Having spent the last several years deeply involved in the broadcast video server market, I have heard more questions asked than answers readily available. This is not to say that my particular corner of the broadcast market is a quagmire of uncertainty. It can however, be more accurately described as being in a state of evolution. Ten years ago, moving video for playout was a relatively simple concept. Cameras recorded to tape, tape was carried to VTR’s. If content had to be moved across equipment it was a simple, but lengthy process of baseband playout and ingest.
Then came disk- and file- based video servers, which also brought along the complexities of file wrappers, encoders, decoders, interleaved versus non-interleaved audio, closed captioning and metadata. Add in a healthy dose of competition and you end with a muddle of proprietary codecs, wrappers, formats and data stores. While the SoftMetal video servers provide a great many solutions to these issues, I cannot claim for a minute that we have all the answers. In fact, in some cases we have yet to even be asked all of the questions.
As a vendor how do we work in the best interests of our customers? How do we ensure that the purchaser and the end-user are communicating needs? How do we ensure the contents on the glossy brochure match real use requirements?
These are all tough questions, but the real question, IMHO, the only question, is always… What is your workflow? This in reality is a series of questions:
Where does your media come from? Which graphics product produces it? Do you need to transfer content off the server for post editing? Do you need to record closed captioning? Does that close captioning need to go to other servers for playout?

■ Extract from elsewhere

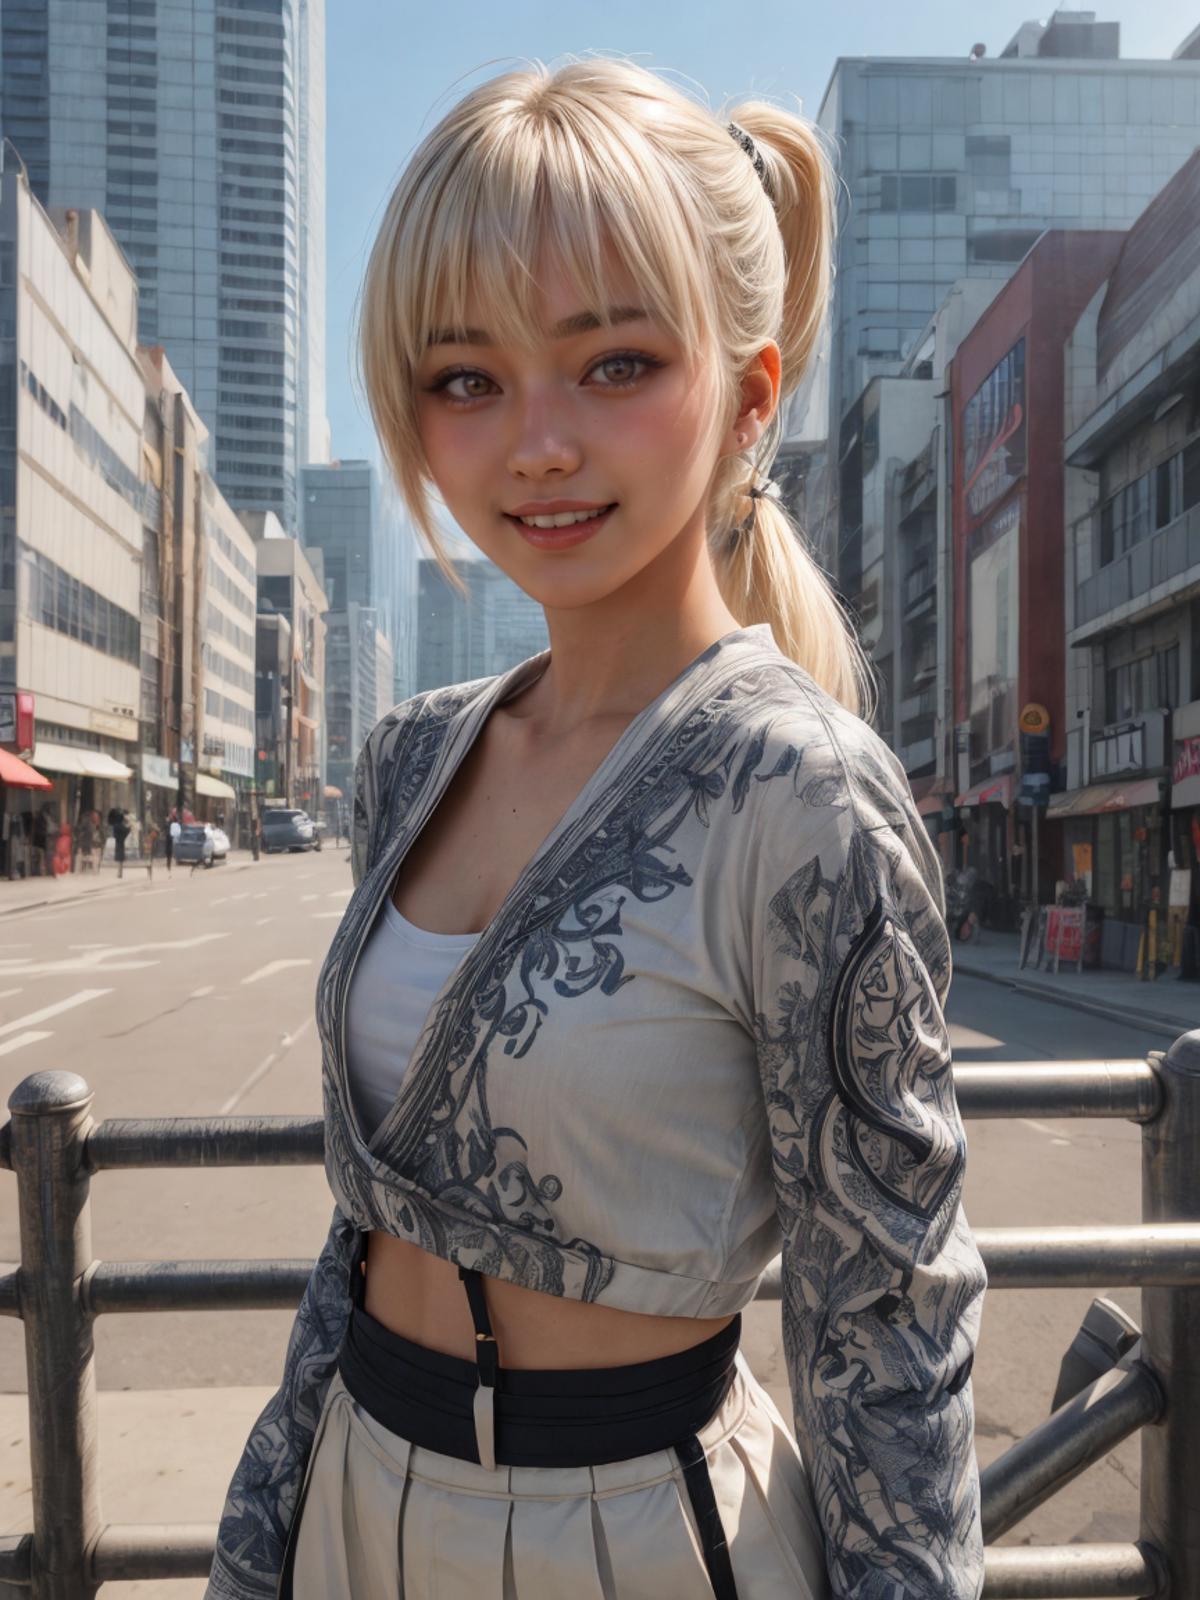 A young woman with blonde hair and a ponytail wearing a grey coat and black pants, posing for a photo on a street.

One simple solution is to precede every sale with a simple workflow analysis in the form of a conference call. This provides an opportunity to ask the above questions, but more importantly it opens a dialogue, which can often lead topics that no one had previously considered.

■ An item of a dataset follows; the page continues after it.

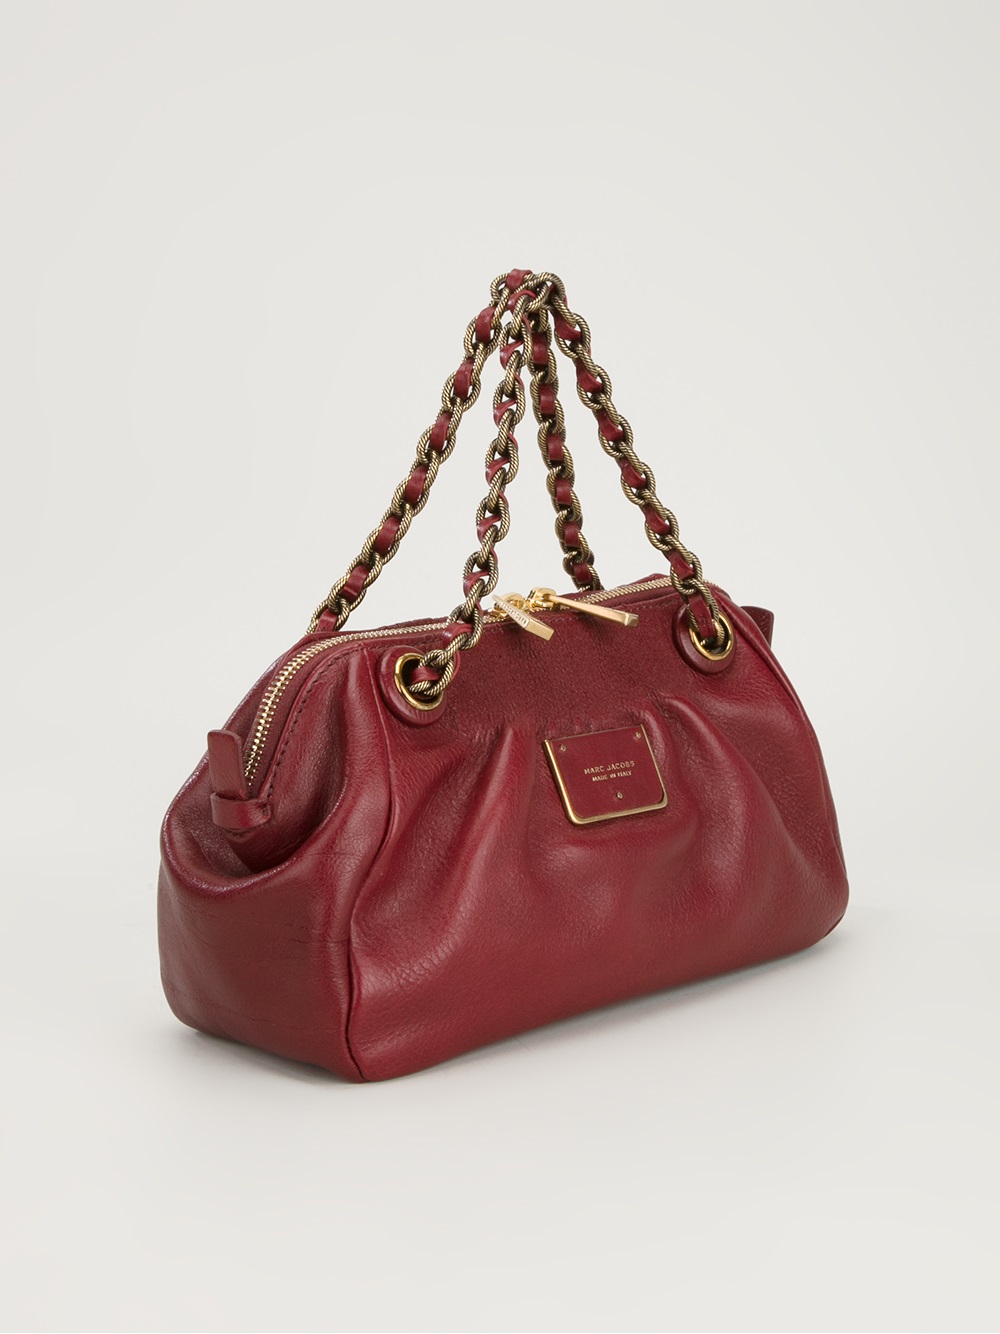 Marc Jacobs Chain Strap Shoulder Bag in Red - Lyst

Our second approach was to implement a Try/Buy program:
As a company, Ross Video learned long ago that a great demo is worth the cost when gaining a customer. As the Video Server Product Manager I learned that a server demo is not worth the cost of the taxi to an airport. Showing up on site with pre-rendered footage and a couple of video monitors to demonstrate cue, play, rewind and fast forward is moot at best.
The Try/Buy program provides the customer with a new factory built, to spec, video server. Then the customer can rack the server, wire the control cables, move content from graphics and test it in their workflow. Provide support and ensure that the requirements meet the deliverables.
The bottom line is that the workflow and the product have to match. You need to understand and define the workflow in order to ensure the client has the right product fit. You need to have a dialogue, not just with the people paying for the product, but with the people using the product.
The reality of making a sale and providing a solution that is in the best interest of the customer is having a real product fit. If that fit does not exist, then it is best to walk away and suggest alternatives, even if those alternatives do not exist at Ross Video.
My workflow solution, is to understand your workflow.